■ **Task details**
Repeat the data below in full. Pictures must not be part of the copy.

[Data excerpt Boundary: Start]

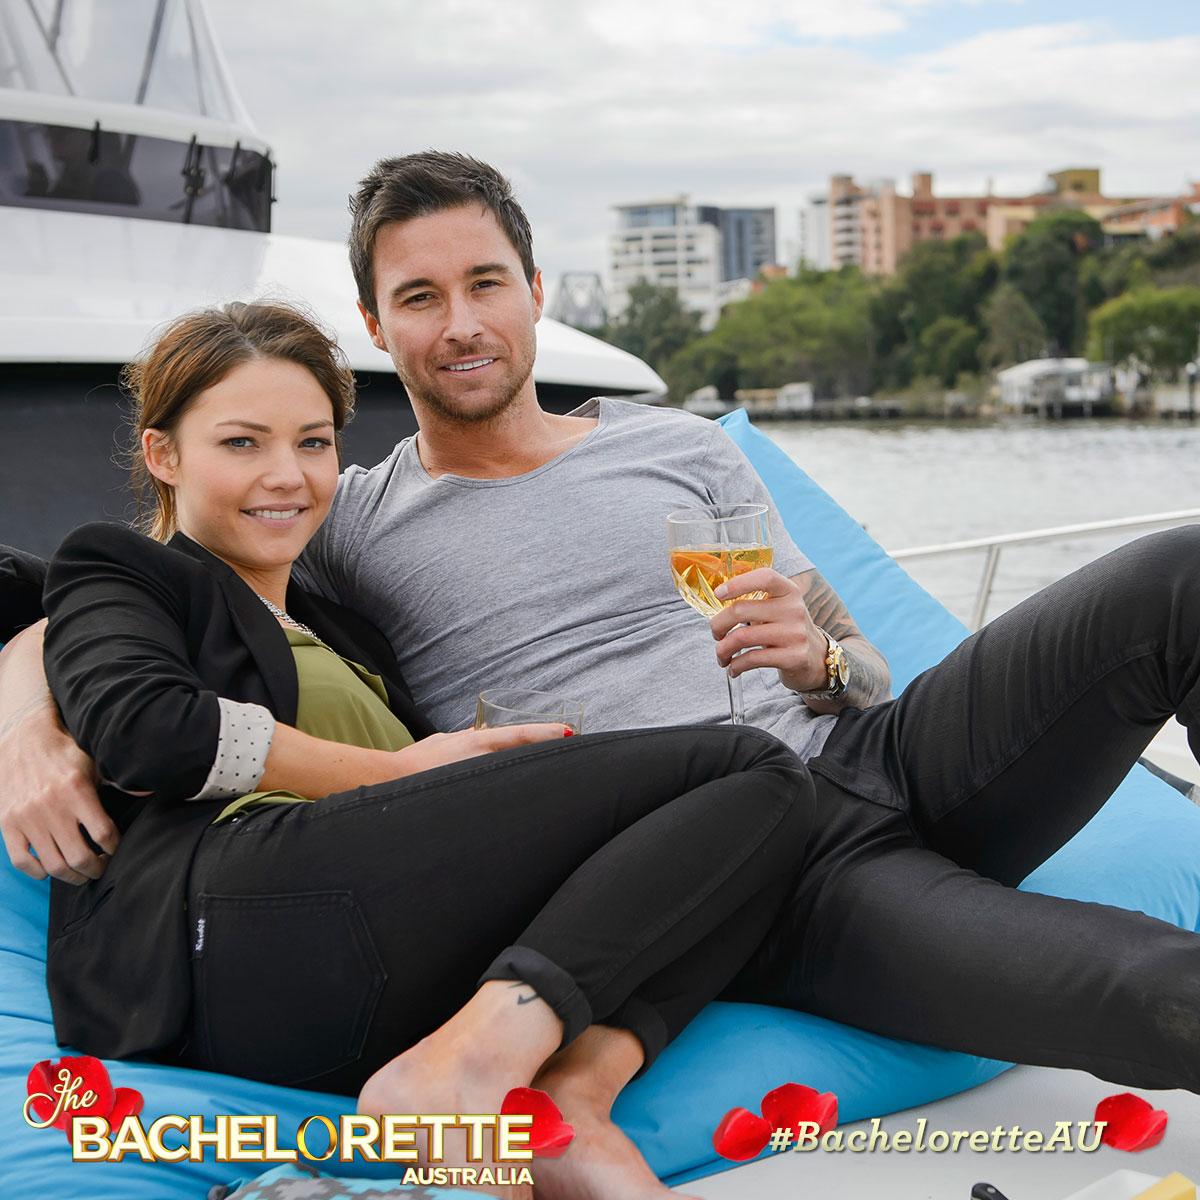 The Bachelorette Australia - Michael Turnbull - *Sleuthing Spoilers*  - Page 18 CRYio-xUEAE_d8K
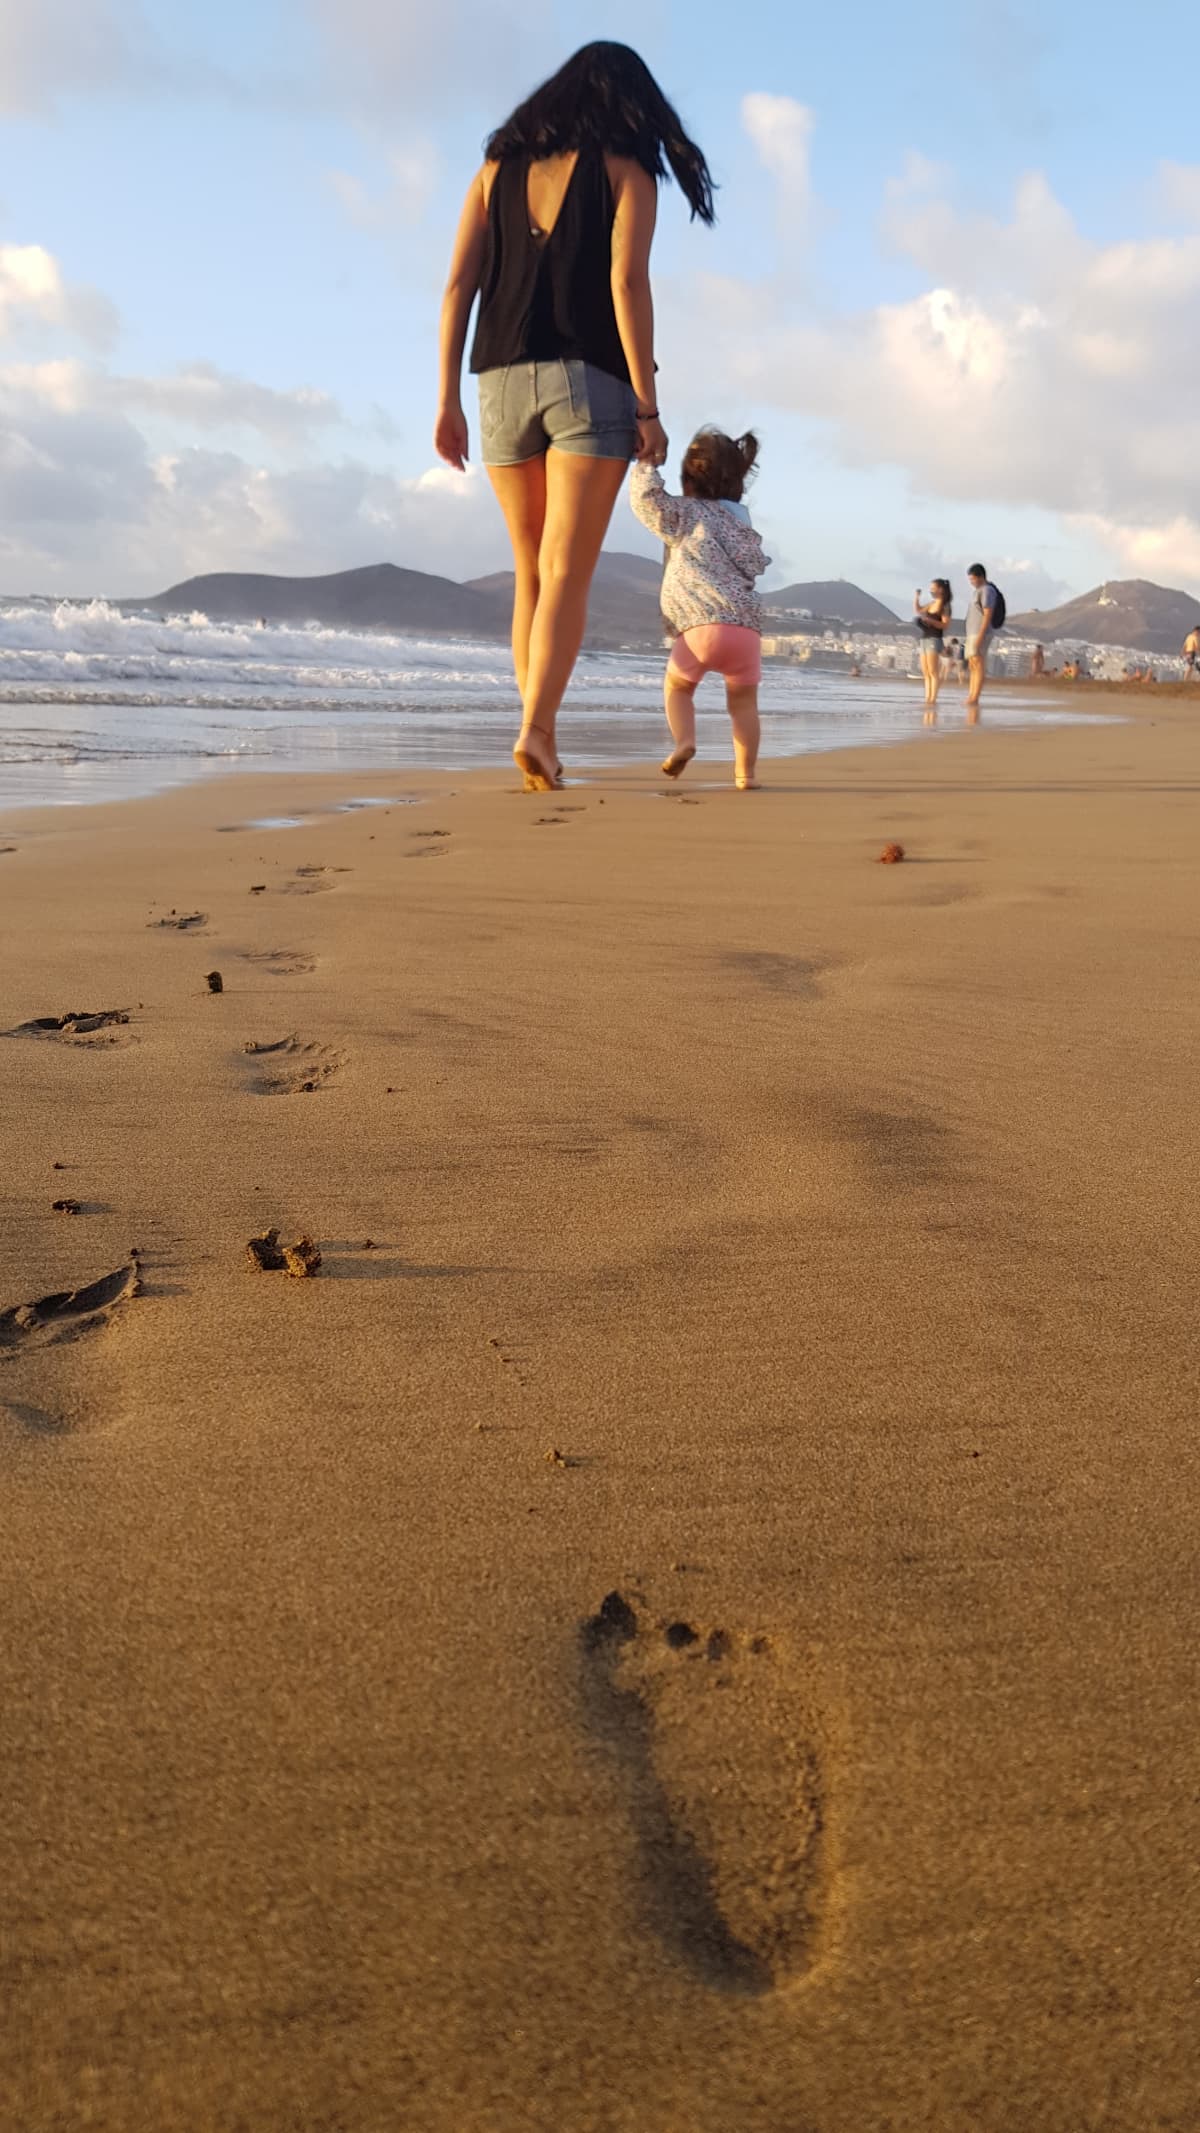 Woman and child walking on beach
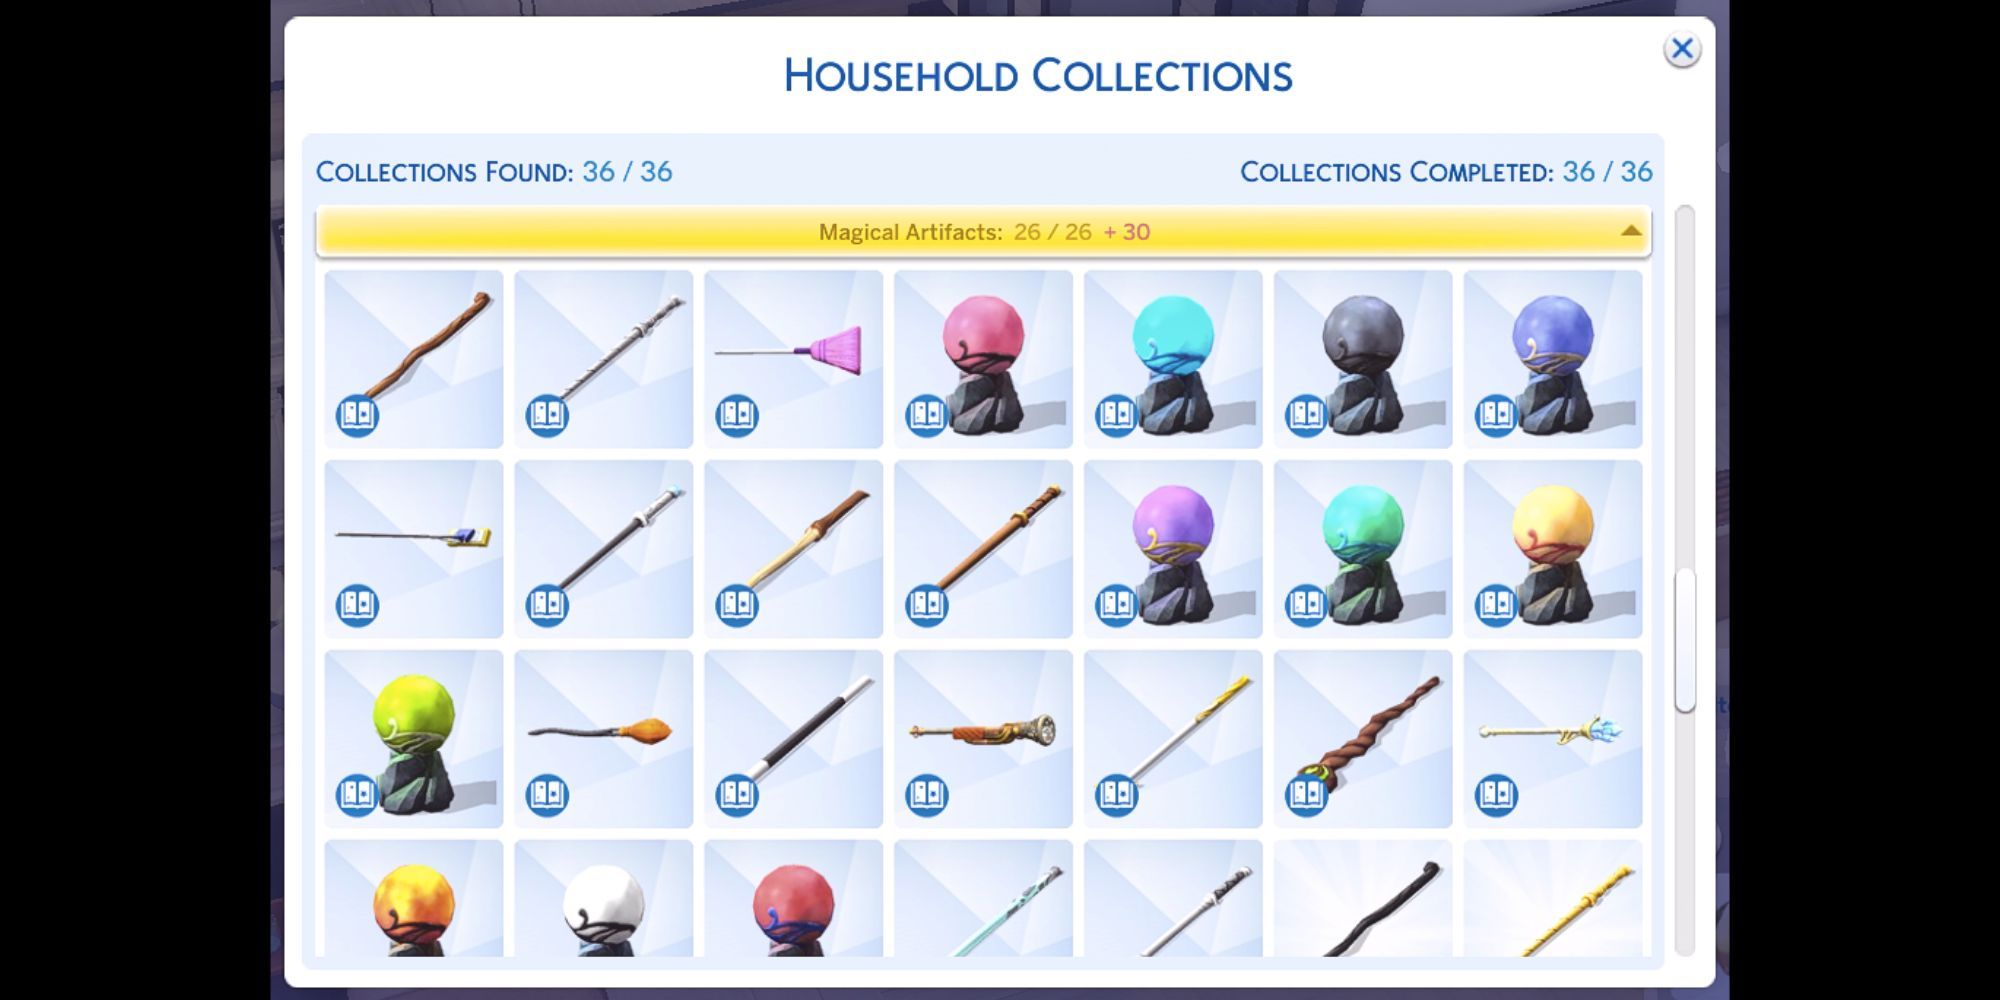 The Sims 4 Magical Artifacts Collection

[Data excerpt Boundary: End]

■ **Expected output**
 The Bachelorette Australia - Michael Turnbull - *Sleuthing Spoilers*  - Page 18 CRYio-xUEAE_d8K
 Woman and child walking on beach
 The Sims 4 Magical Artifacts Collection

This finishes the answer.